Letting the council die or not wasn't that big of a deal. They were being a jerk all along and expect me to be their dog. If I hadn't done anything and follow them, we'd be doomed; so I'll be stupid to risk the success for a bunch of useless cunts who are more worried about their own control than the fate of the galaxy. Ashley was right on that Hunter's Dog analogy too.

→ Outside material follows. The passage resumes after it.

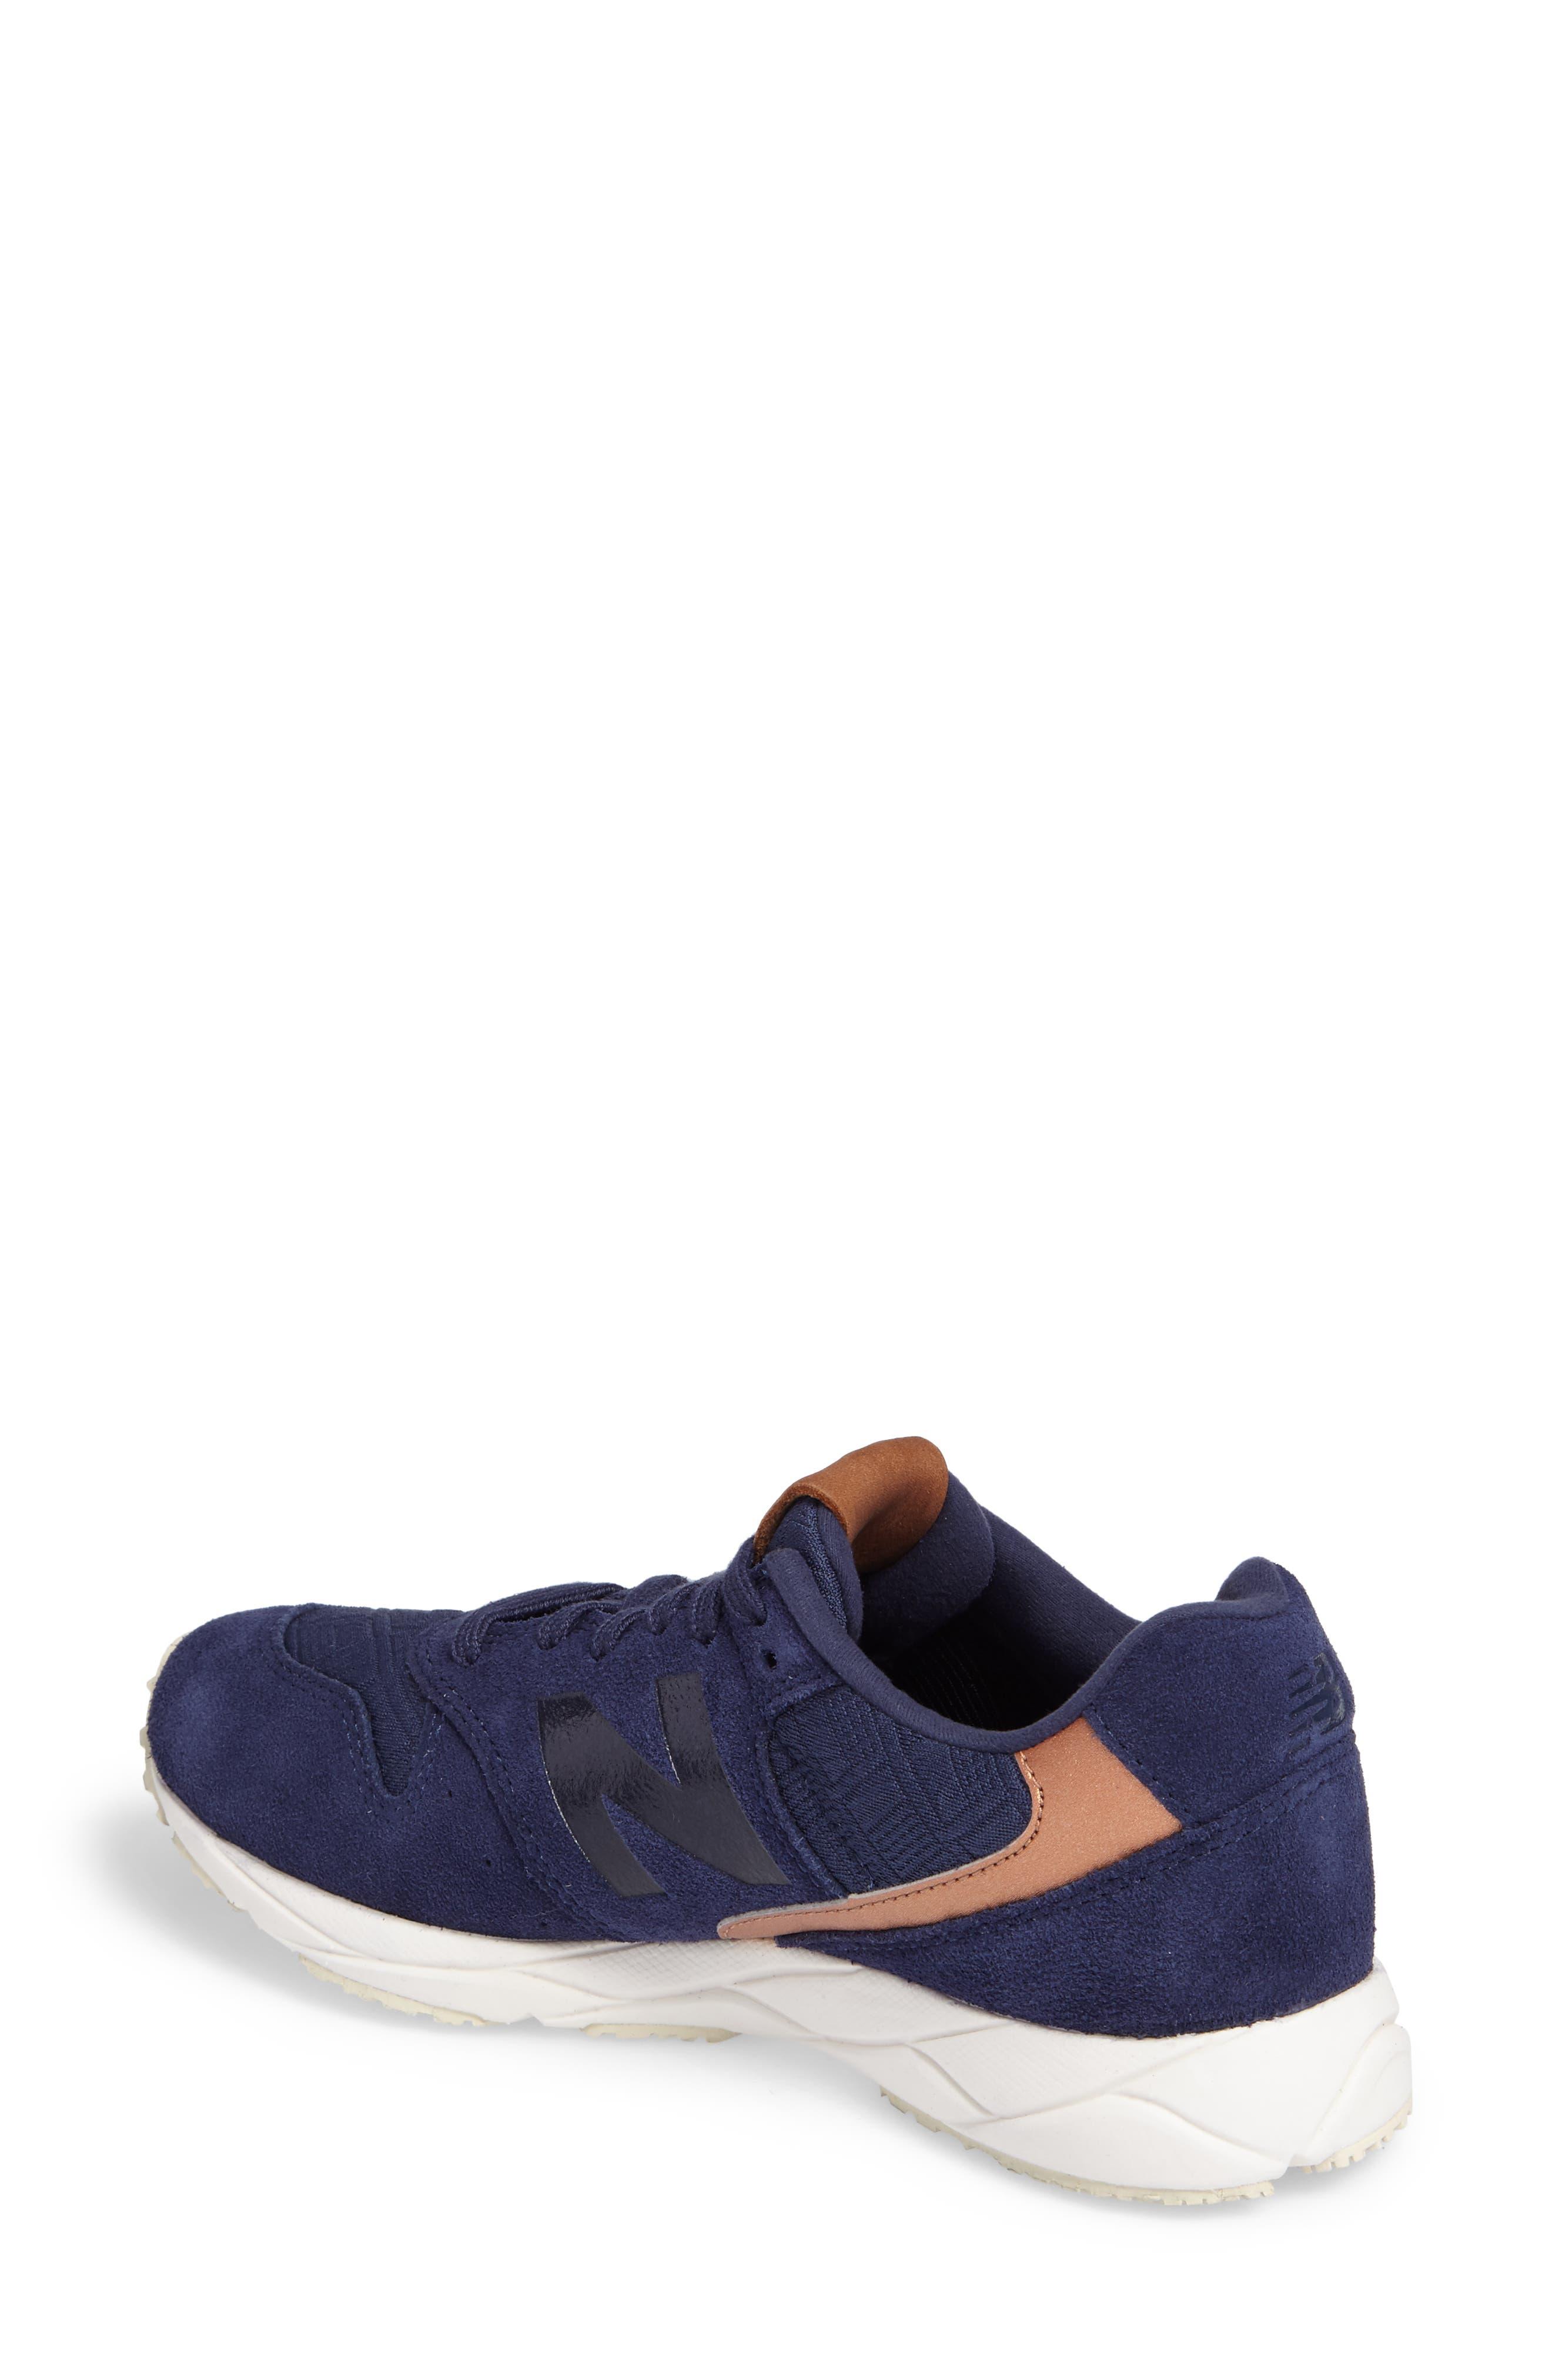 96 Mash-Up Sneaker,                             Alternate thumbnail 9, color,
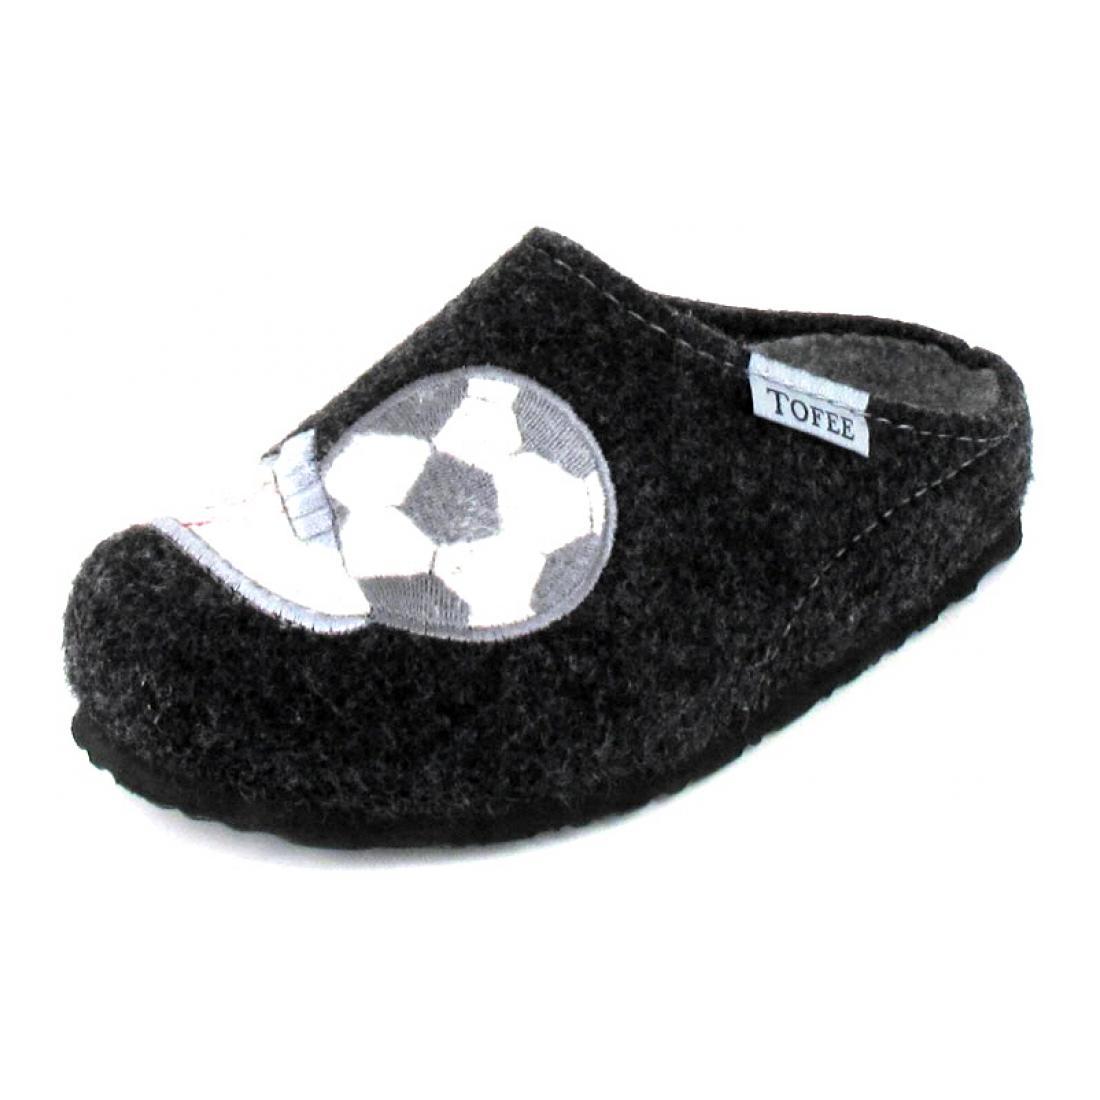 Tofee Hausschuh Fußball

The Feros 'save the infested colonist or kill them all' was okay. But lack any sort of 'pull'. You've met these guys for barely 15 mins, I'm not about to risk my missions for a bunch of 'infesteds'. I chose to just blew them all to hell. If the lead scientist can't be persuaded to cooperate, then too bad. A hole on the head for him. There was no choice.
Let's not even call the 'execute the asarian commando who is freed of mind control' choice an evil one. It was just being ruthlessly stupid. I wanted to take her into custody and interrogate her, not shoot her at the back of the head. But Bioware thought everyone wanted to be THAT sort of badass. A Stupid Badass.
 

Aegeri

Novice
Joined
Nov 21, 2007
Messages
39
Location
New Zealand
The problem with the morality as presented by Mass Effect is none of the things you do actually accomplish anything during the game. Fragging all the colonists? Nobody cares. Killing the Rachni Queen, well there are still Rachni out there actually (so much for being extinct...) and one random side-quest planet has a quest to hold off several waves of them attacking a surrounded outpost.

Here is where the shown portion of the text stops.